** Task statement **
Copy every line of the data below exactly as given, except for the pictures.
═════ Given material ═════
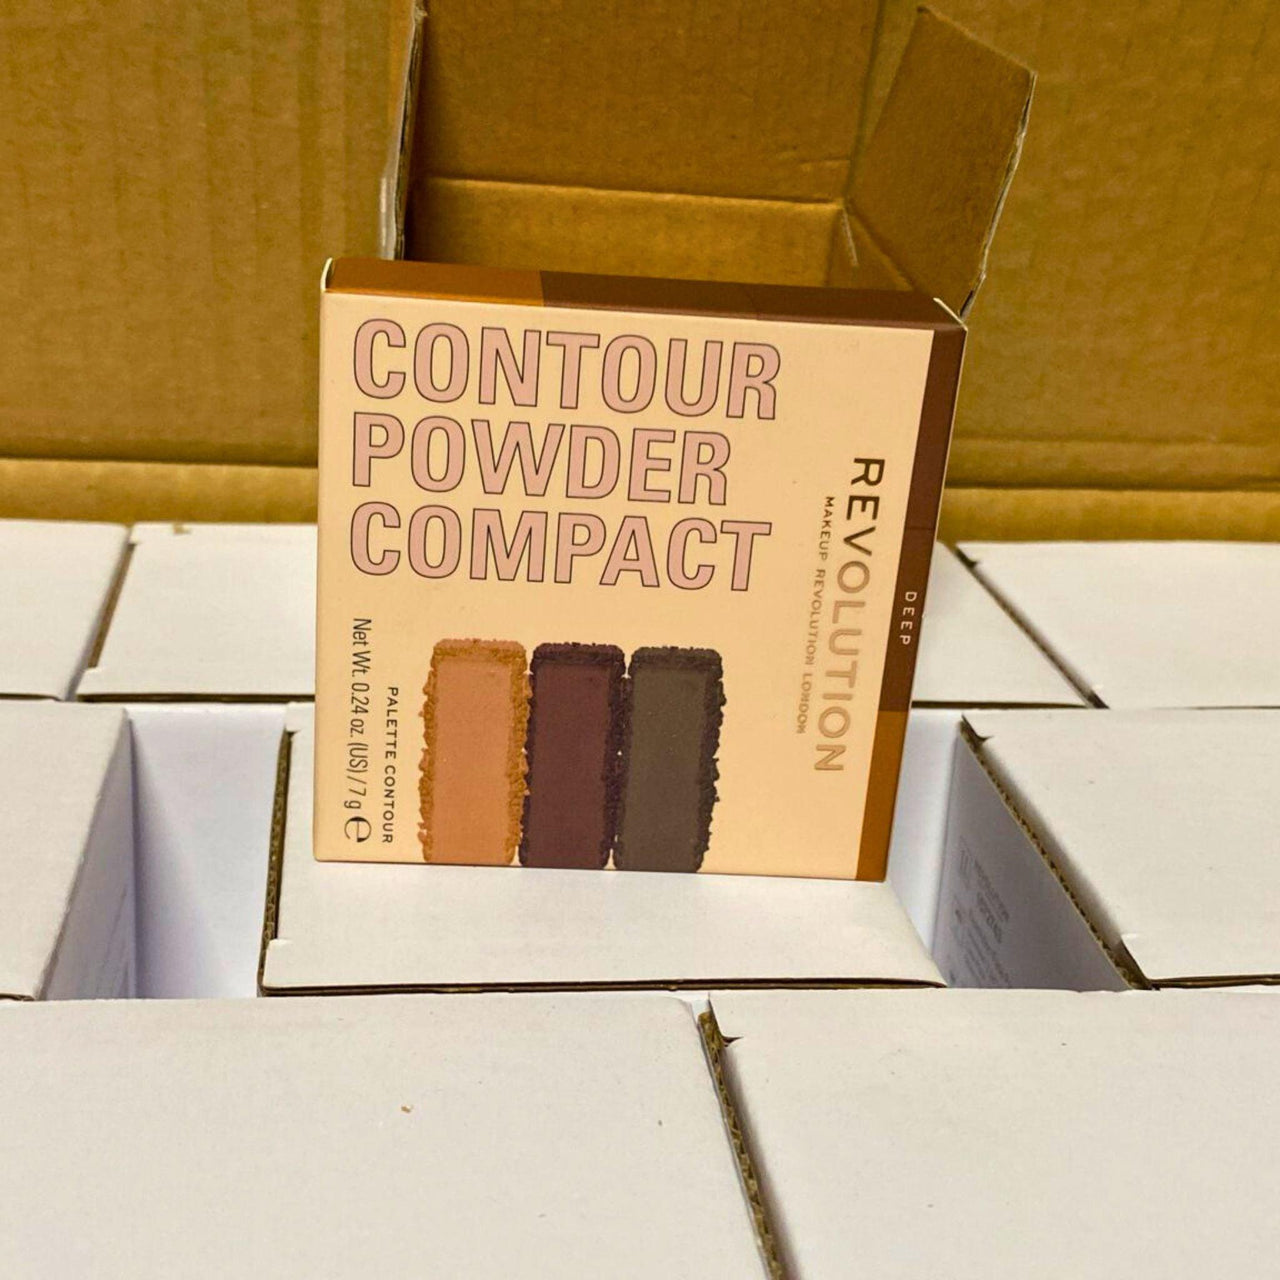 Revolution Contour Powder Compact Deep Palette Contour 0.24OZ (30 Pcs lot) - Discount Wholesalers Inc
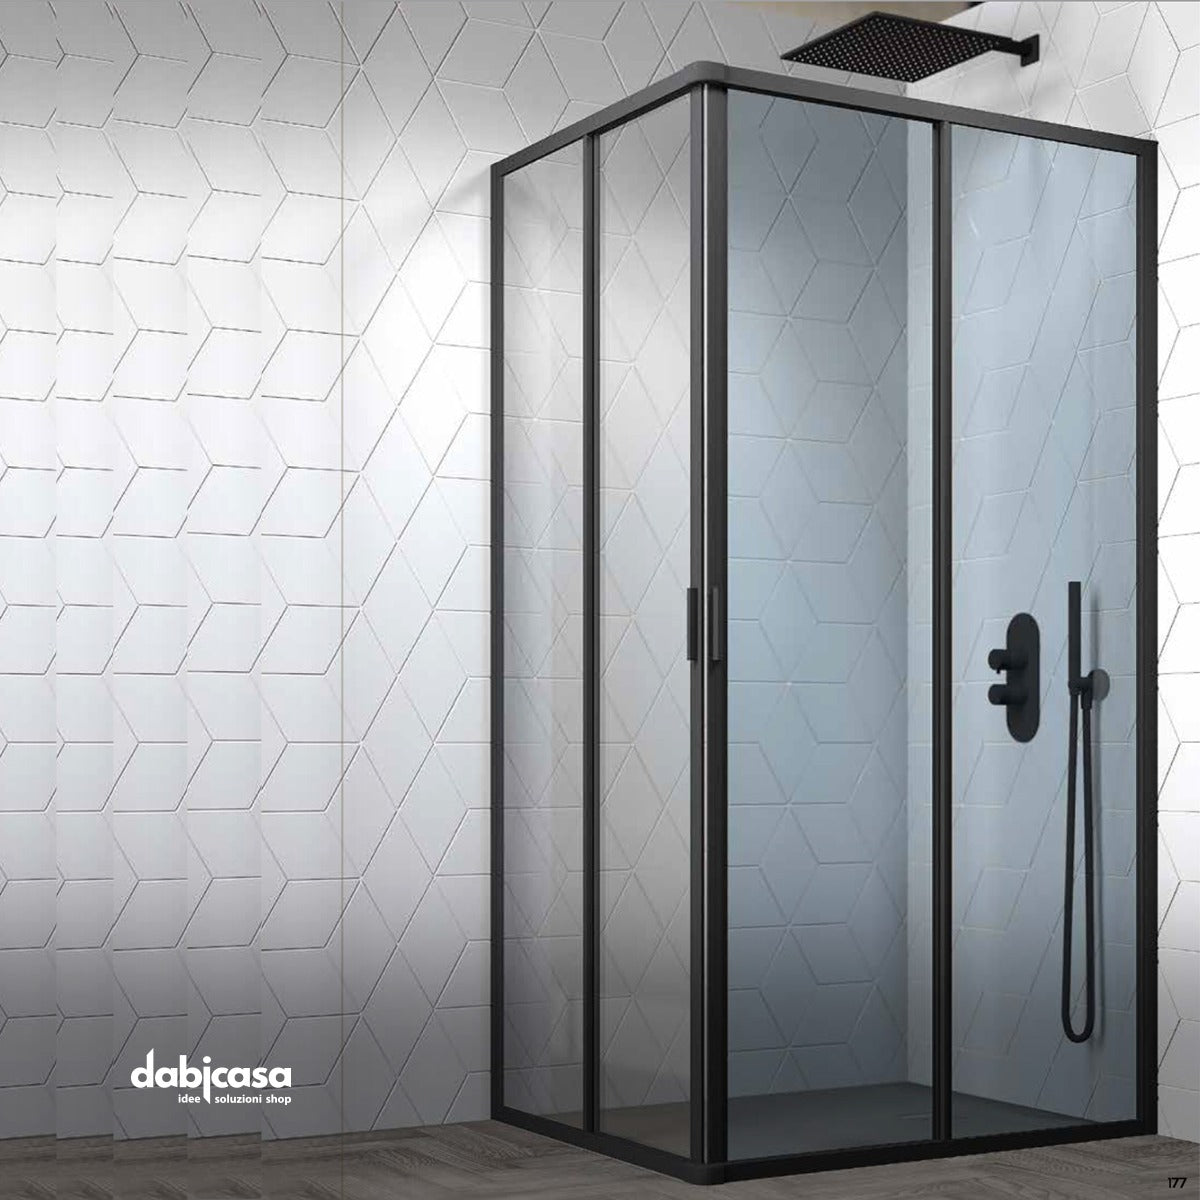 Box doccia "New Smeralda" angolare 80x80 in alluminio e pannello in vetro con profili nero essenza freeshipping - Dabicasa
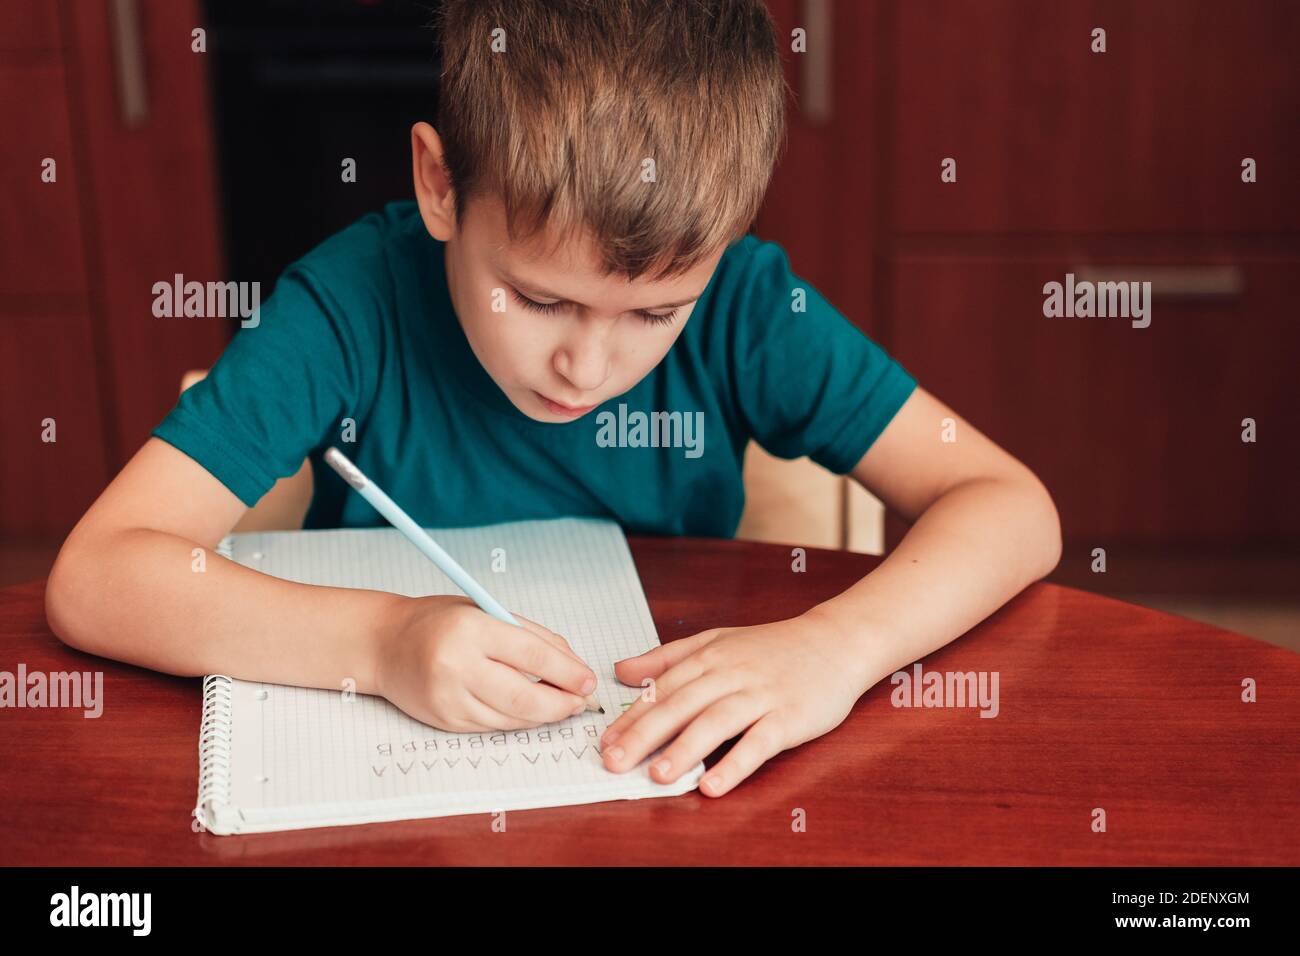 un enfant de 7 ans écrit des lettres dans un carnet assis près de table dans la cuisine Banque D'Images
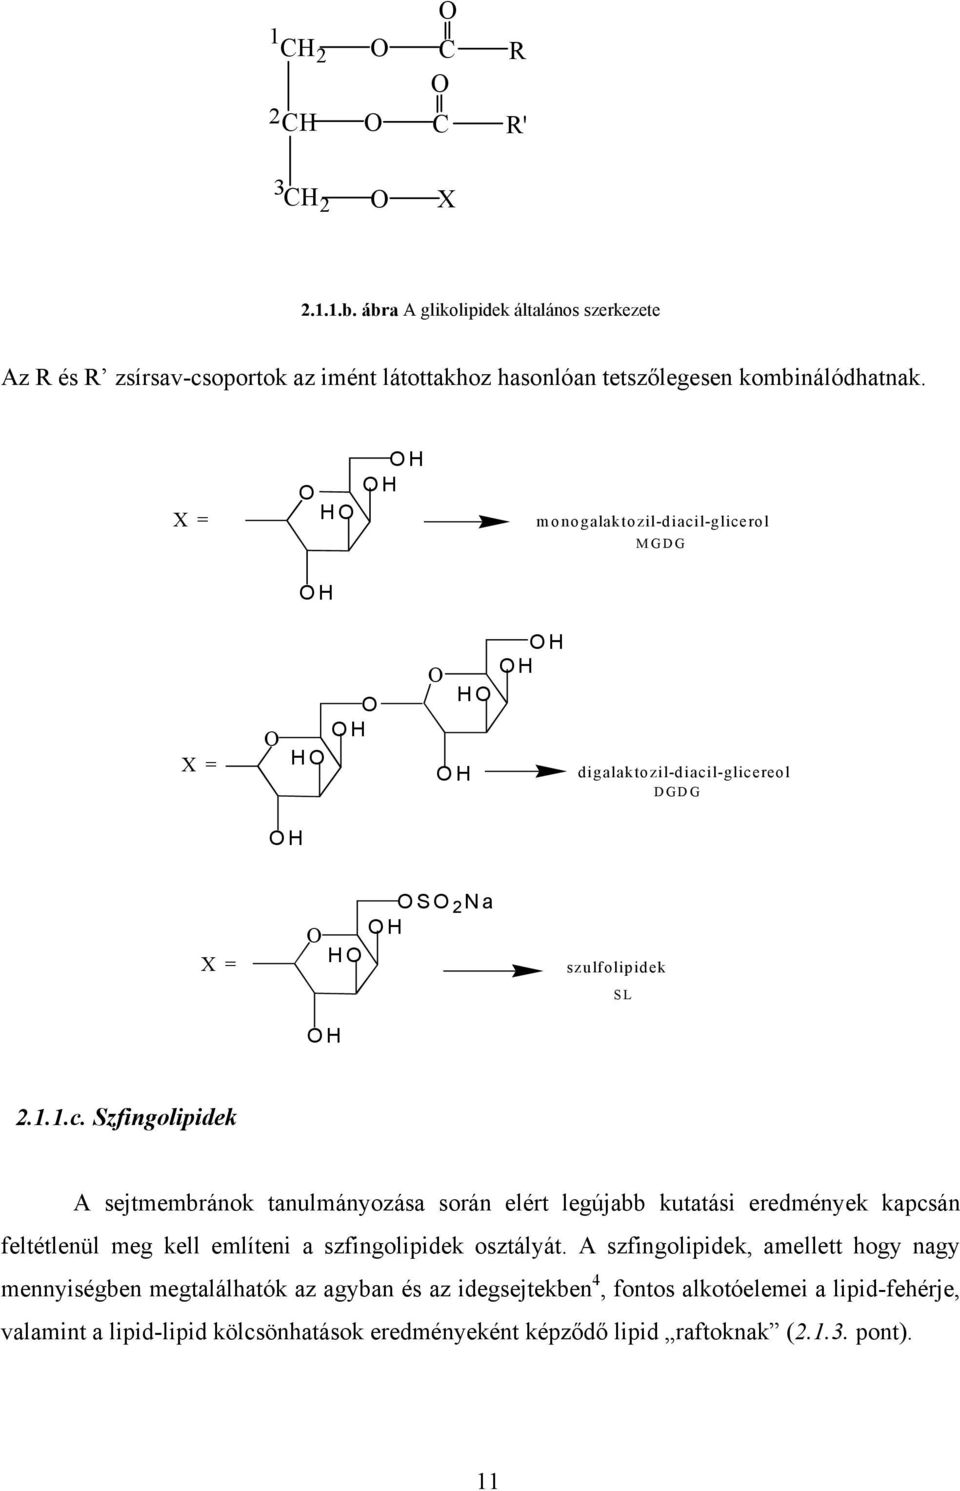 l-glicerol MGDG H X = H H H H H H digalaktozil-diacil-glicereol DGDG H X = S 2 a H H H szulfolipidek SL 2.1.1.c. Szfingolipidek A sejtmembránok tanulmányozása során elért legújabb kutatási eredmények kapcsán feltétlenül meg kell említeni a szfingolipidek osztályát.
═════
** Task response **
 Revolution Contour Powder Compact Deep Palette Contour 0.24OZ (30 Pcs lot) - Discount Wholesalers Inc
 Box doccia "New Smeralda" angolare 80x80 in alluminio e pannello in vetro con profili nero essenza freeshipping - Dabicasa
 un enfant de 7 ans écrit des lettres dans un carnet assis près de table dans la cuisine Banque D'Images
 l-glicerol MGDG H X = H H H H H H digalaktozil-diacil-glicereol DGDG H X = S 2 a H H H szulfolipidek SL 2.1.1.c. Szfingolipidek A sejtmembránok tanulmányozása során elért legújabb kutatási eredmények kapcsán feltétlenül meg kell említeni a szfingolipidek osztályát.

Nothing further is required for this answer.